Michigan mother jailed after encouraging 3-year-old son's 'gender exploration'

The mother said her son wanted to explore his gender as early as 2014 when he was just three-years-old.


Katee Churchill, a Michigan mother of three children from small, rural Clare County, was accused of child abuse for encouraging her young son's "gender exploration," and lost custody of the kids after facing multiple legal battles.

Her middle son, called "Finn," whose name had been changed to maintain anonymity, reportedly "began showing an interest in wearing dresses and experimenting with more feminine names," over several months when he wanted to explore his gender identity in 2014 at just three-years-old.

According to Pink News, Finn's mother took him to a therapist "specializing in gender variance and dysphoria." While there was no report on what the therapist's precise diagnosis or advice was at the time of the visit, Churchill "vowed to follow Finn's lead and support his gender exploration and expression."

Michigan's Child Protective Services (CPS) were called by an anonymous report that had accused Churchill of abuse and neglect. A case began against Churchill, alleging that she had forced Finn to identify as trans, and CPS recommended that all three of her children be placed with their respective fathers.

The case went before a judge in 2015 and was decided at the time in favor of Churchill. However, CPS decided to pursue a second case against Church with a jury trial. The prosecution called Churchill an "LGBT+ activist" who is trying to impose her gender-identity beliefs on her school-aged children.
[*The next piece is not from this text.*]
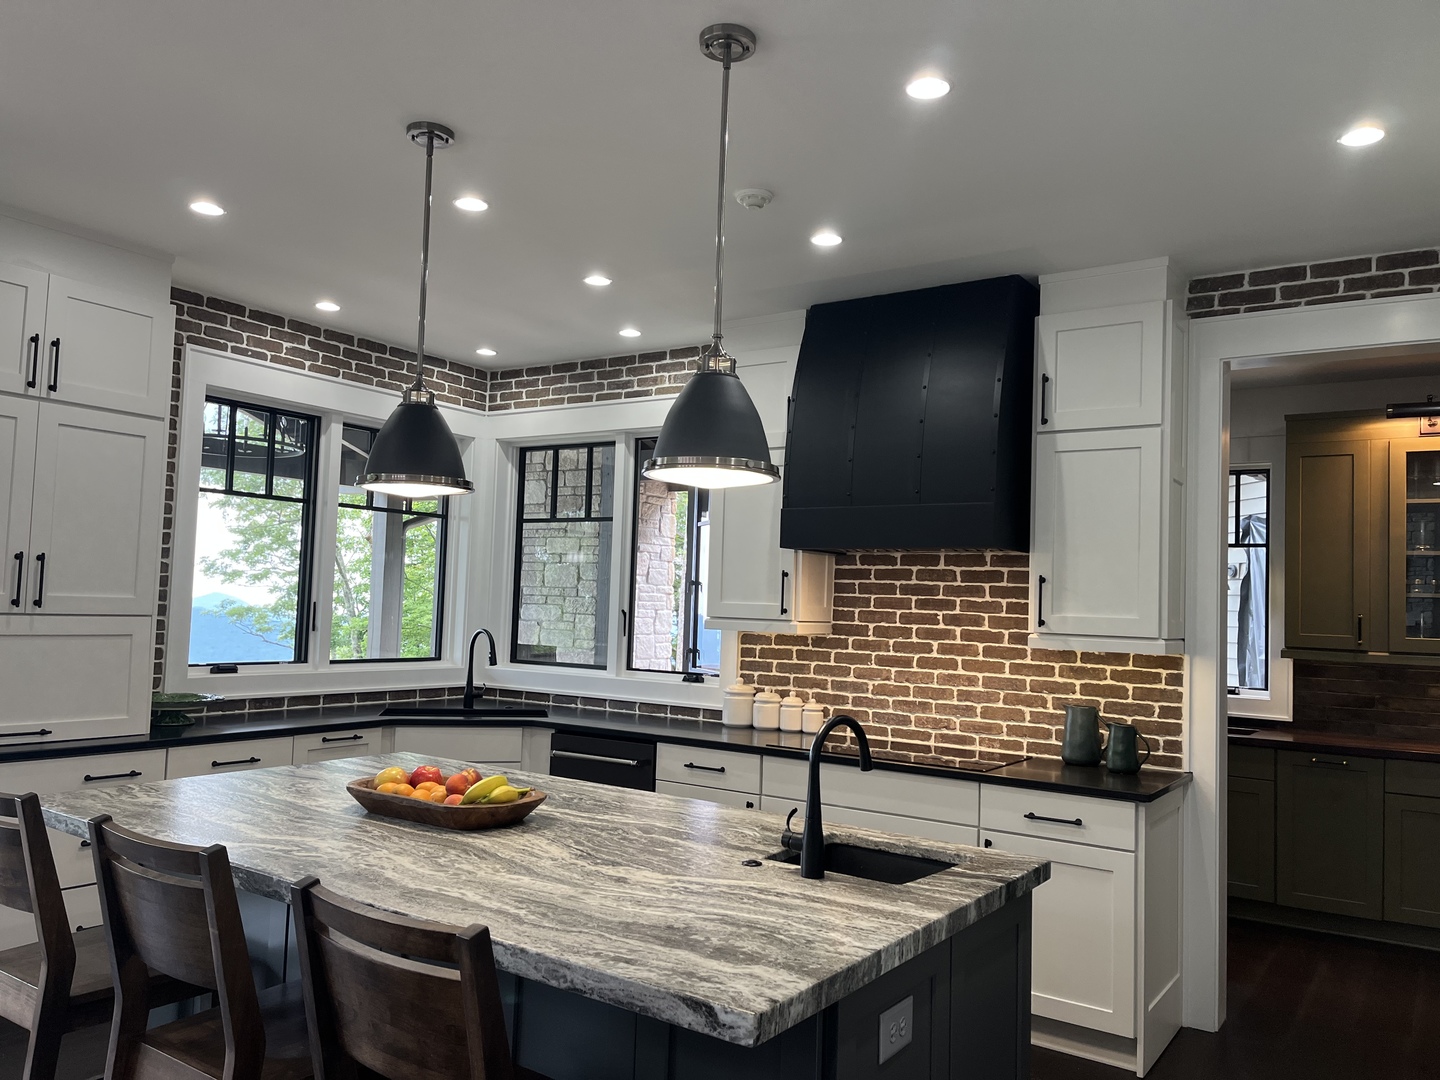 Great kitchen design with range hood, combining white cabinets,black countertops charming brick backsplash

"Obviously, anybody can be an activist and for whatever cause they wish. And that wouldn’t necessarily imply that they have any kind of psychological problem," Don Spivak, a psychiatrist and state witness, told the court.

"However, in this case, it is intimately involved with a feeling and decision about a child, so there's an intimate involvement in that activism and the ideas about a child. And then the child has to comply with that notion in order to support the activism. They're intertwined," Spivak said in court.

Finn commented when interviewed: "She might have encouraged me, like, 'It's OK if you are, like, I don't really care if you are or not. But I did choose. I chose. No one else. No one made me. No one forced me."

Finn was then asked what we had to say to children in similar situations. He replied with: "Hopefully, they don't turn out like I am."